Recorded data:
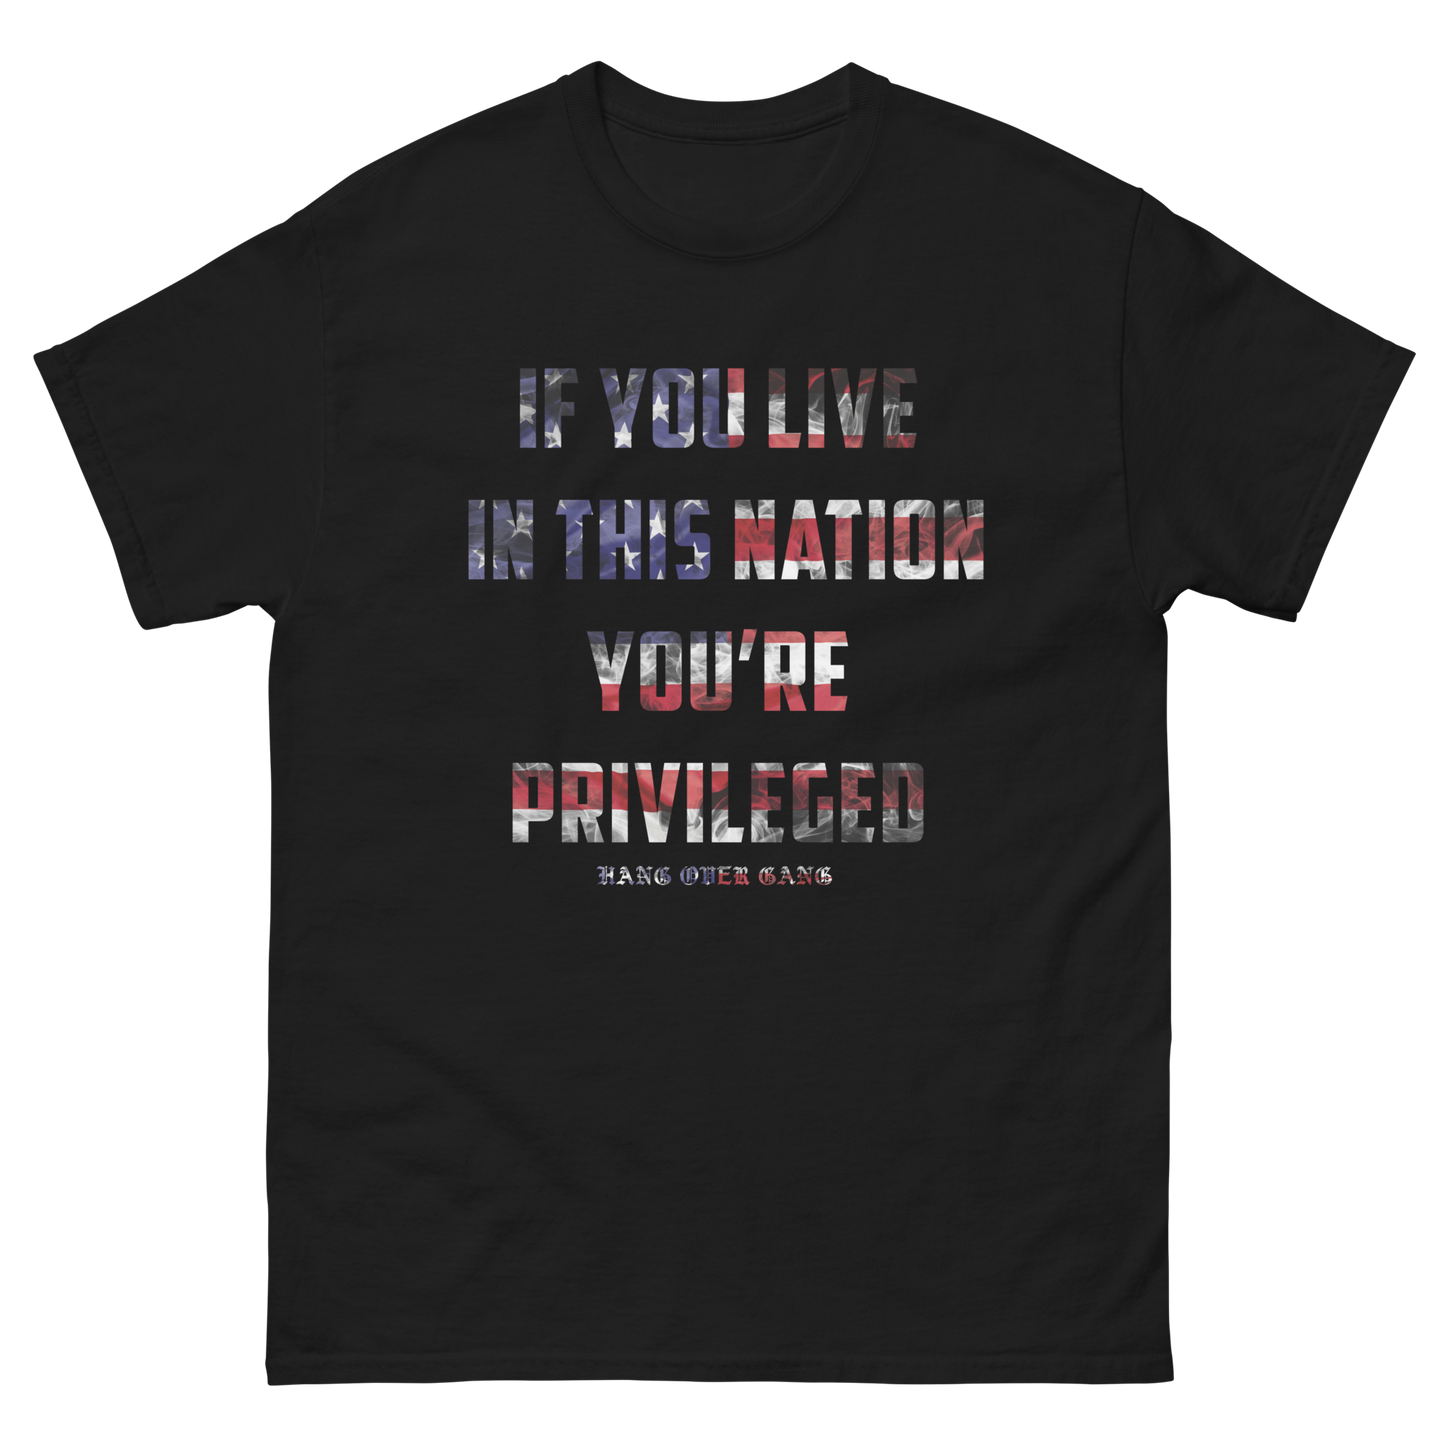 "Privileged" T-shirt
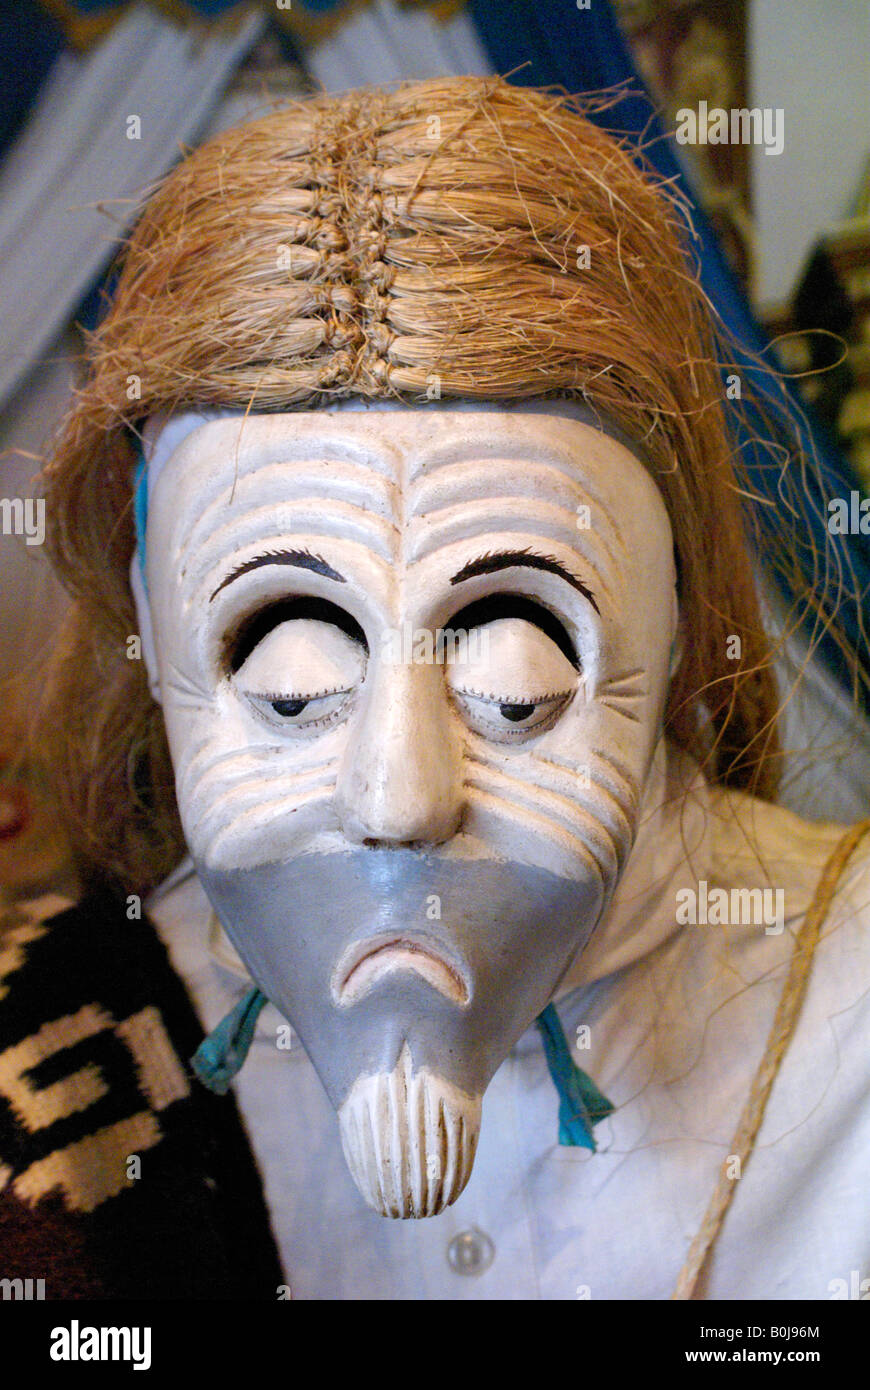 Viejito ou vieil homme masque à partir de l'état de Michoacan, Musée National d'anthropologie de parc de Chapultepec, Mexico Banque D'Images
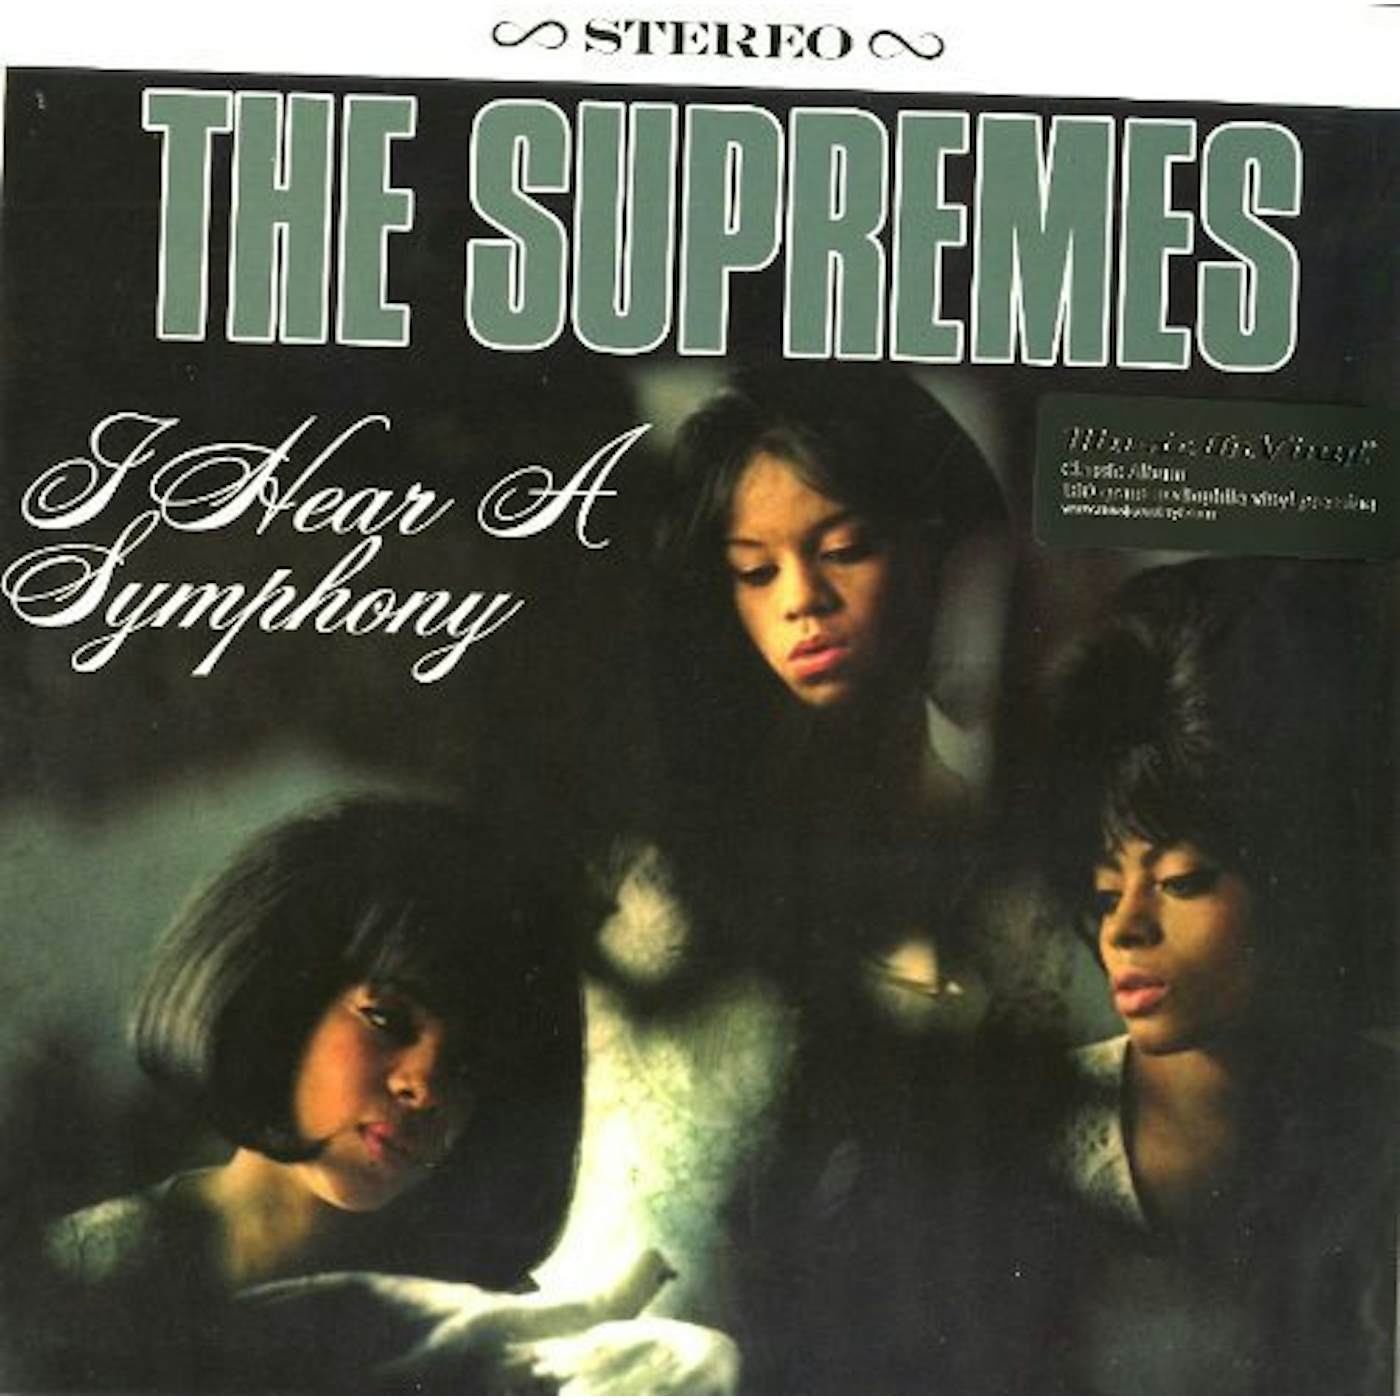 The Supremes I Hear A Symphony Vinyl Record
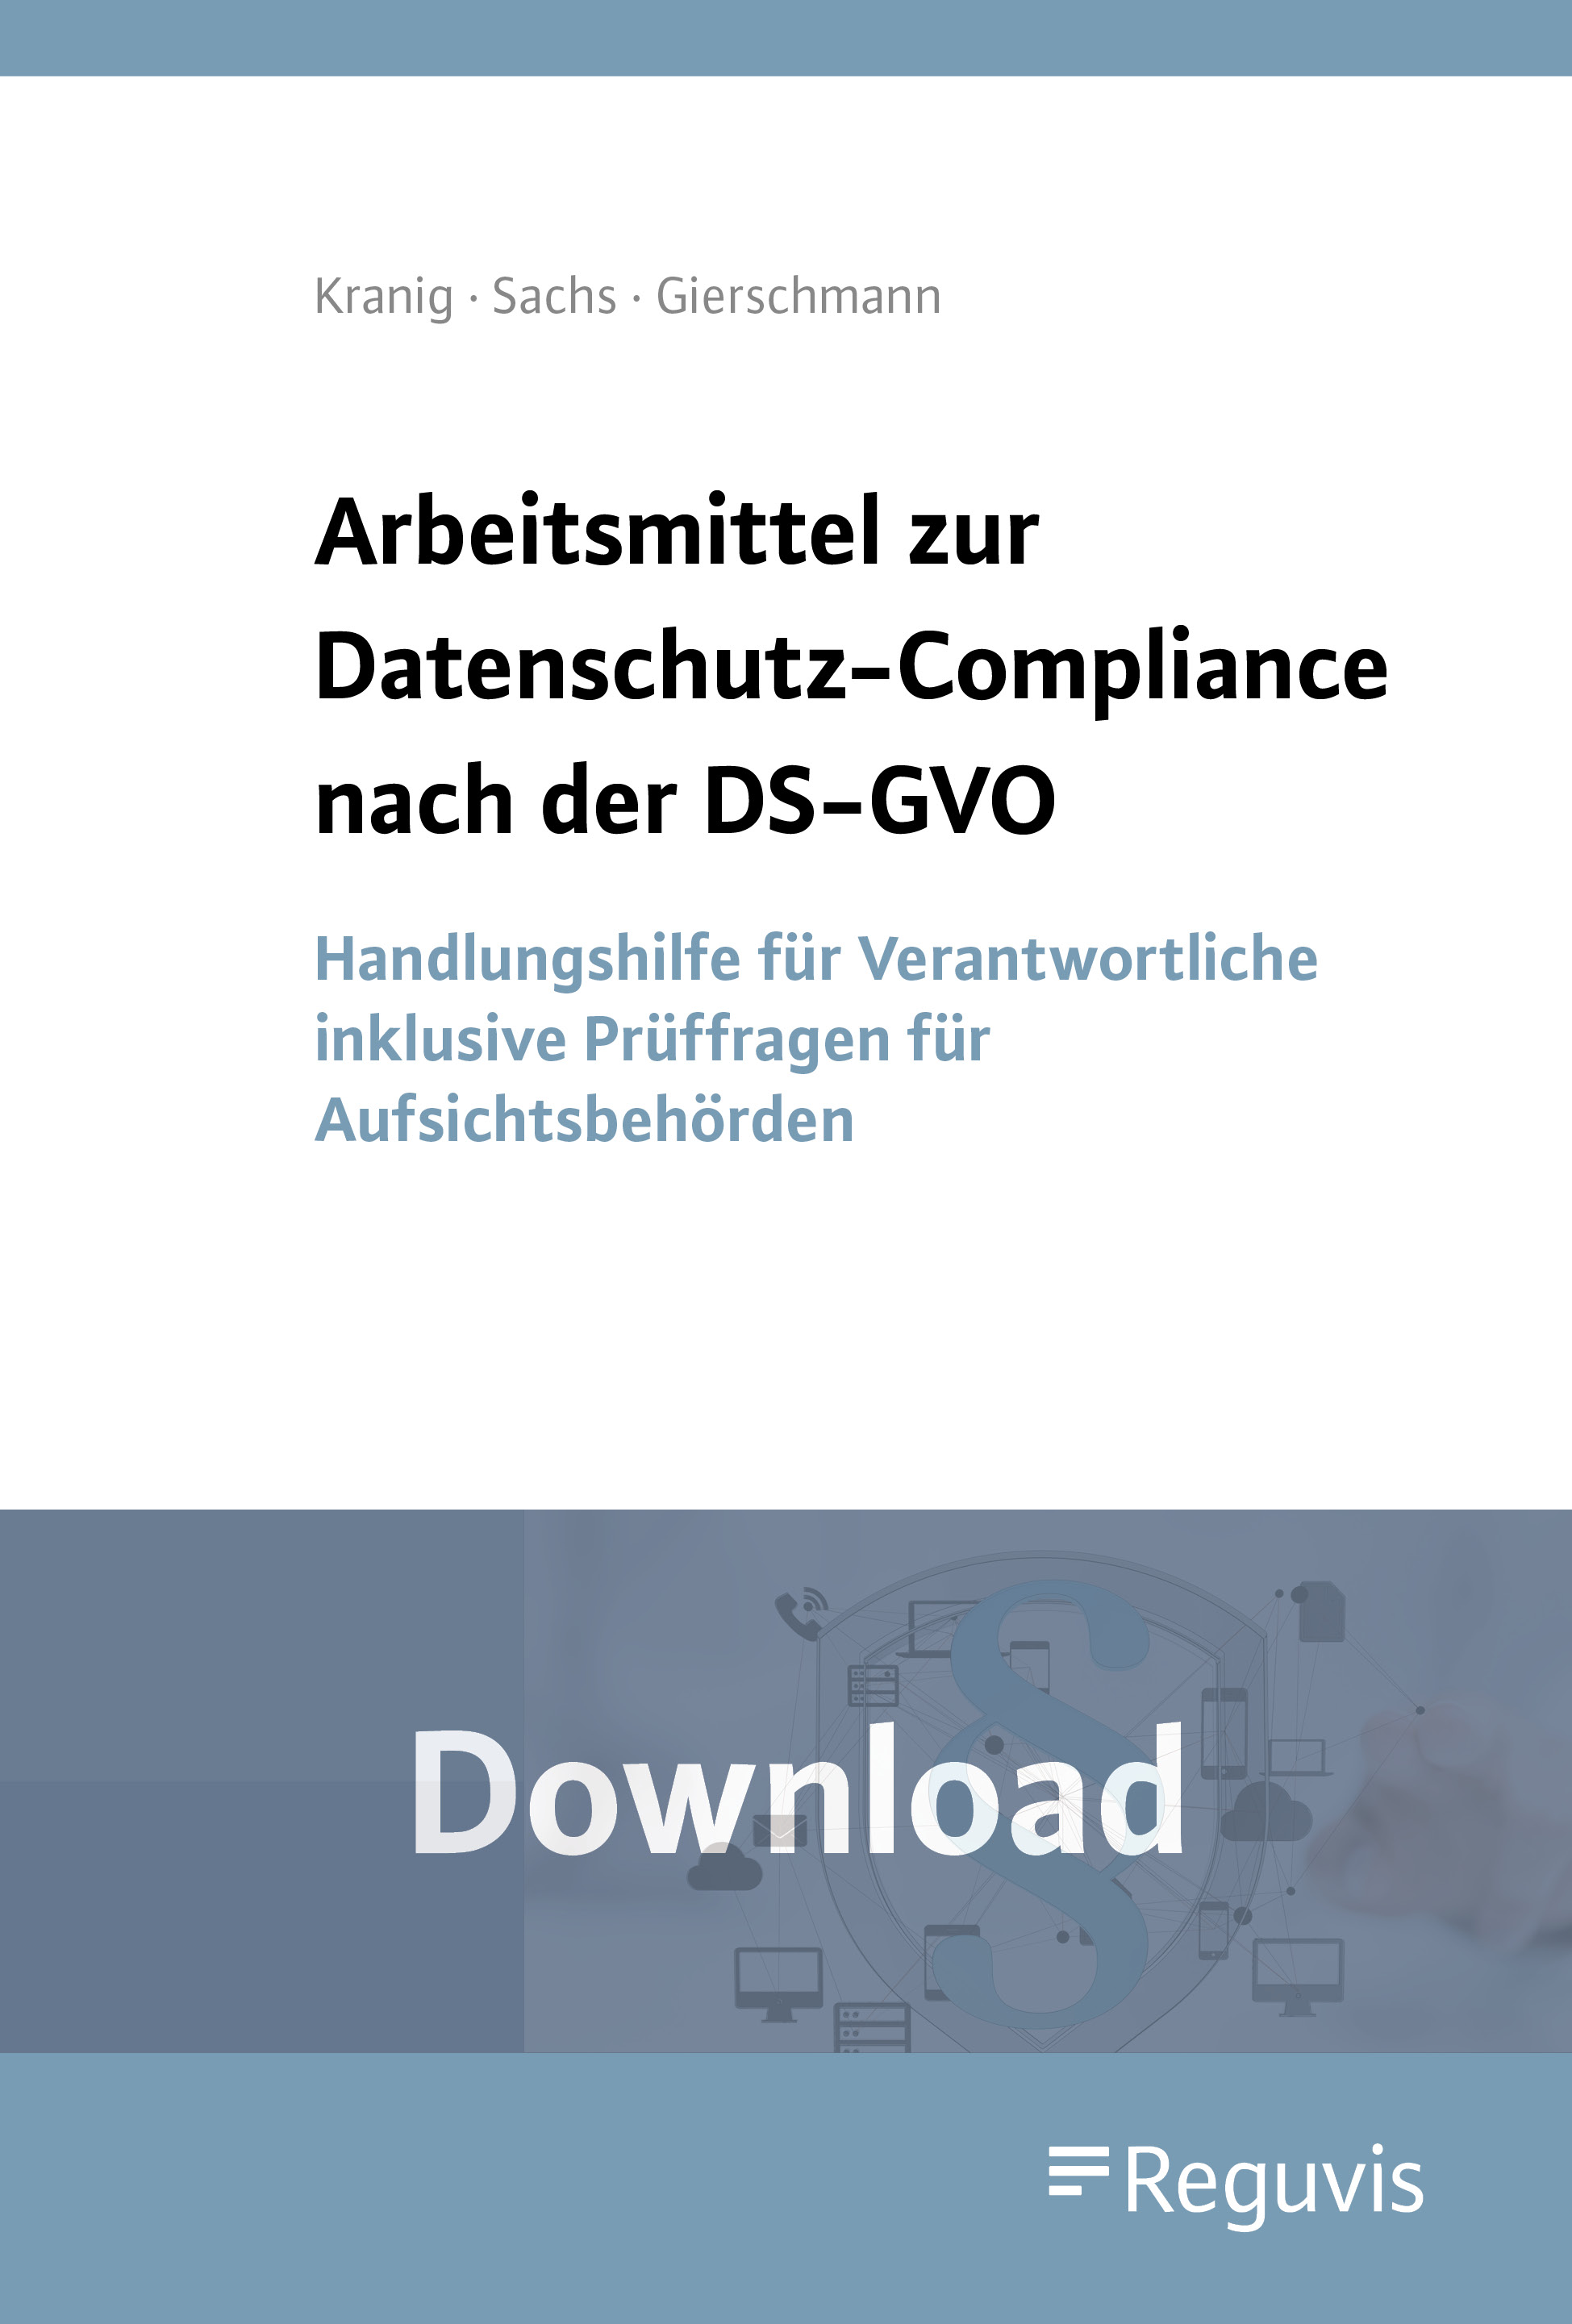 Arbeitsmittel zur Datenschutz-Compliance nach der DS-GVO - Download

Task objective:
From the first line to the last, reproduce the listing above exactly, leaving the pictures out.

Answer to this problem:
 "Privileged" T-shirt
 Viejito ou vieil homme masque à partir de l'état de Michoacan, Musée National d'anthropologie de parc de Chapultepec, Mexico Banque D'Images
 The Supremes I Hear A Symphony Vinyl Record
 Arbeitsmittel zur Datenschutz-Compliance nach der DS-GVO - Download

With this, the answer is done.